The coat protein of satellite panicum mosaic virus (SPMV) was used to stabilize
viral vector gene inserts in planta. A Potato virus X (PVX) vector carrying the SPMV
capsid protein (CP) gene was successfully stabilized through three serial passages in
Nicotiana benthamiana from the upper non-inoculated leaves following rub inoculation.
The presence of SPMV CP expression from the PVX vector was confirmed by necrotic
lesions that occur only when SPMV CP is present and by western blot and reversetranscription
PCR analyses. In addition, PVX-SPCP was co-inoculated onto N.

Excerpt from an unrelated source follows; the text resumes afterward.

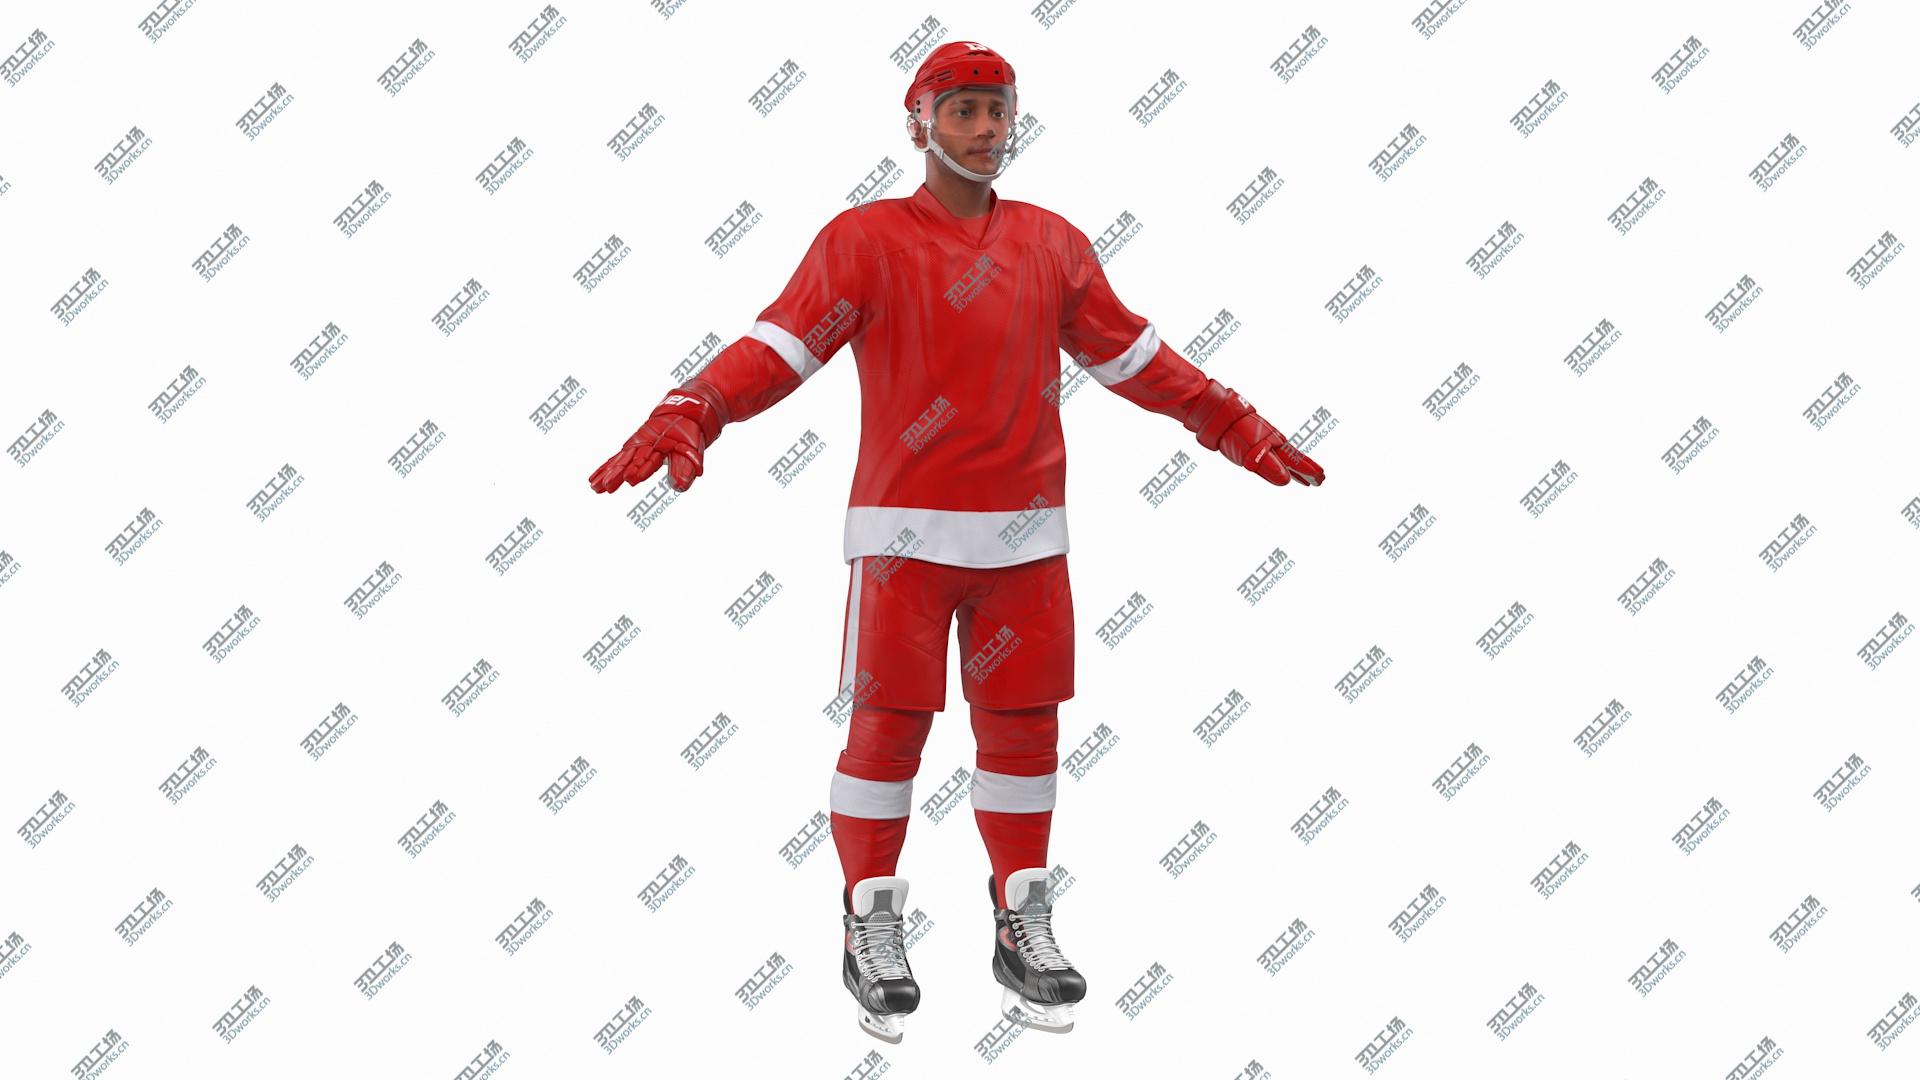 images/goods_img/202104092/3D Hockey Player Red/4.jpg

benthamiana with a Tomato bushy stunt virus vector carrying a green fluorescent protein
gene, which normally does not yield GFP expression in upper tissue due to loss of the
insert. However, upon co-inoculation with PVX-SPCP, upper non-inoculated leaves
exhibited GFP accumulation based on green fluorescence by UV illumination at 488 nm
and western blot analysis. GFP expression was more abundant in upper non-inoculated
N. benthamiana leaves as well as systemic tissues when the co-inoculation experiments
were performed at 20°C compared to 25°C. These results suggest that SPMV CP is a
viable molecular tool for stabilizing viral vector gene inserts in planta.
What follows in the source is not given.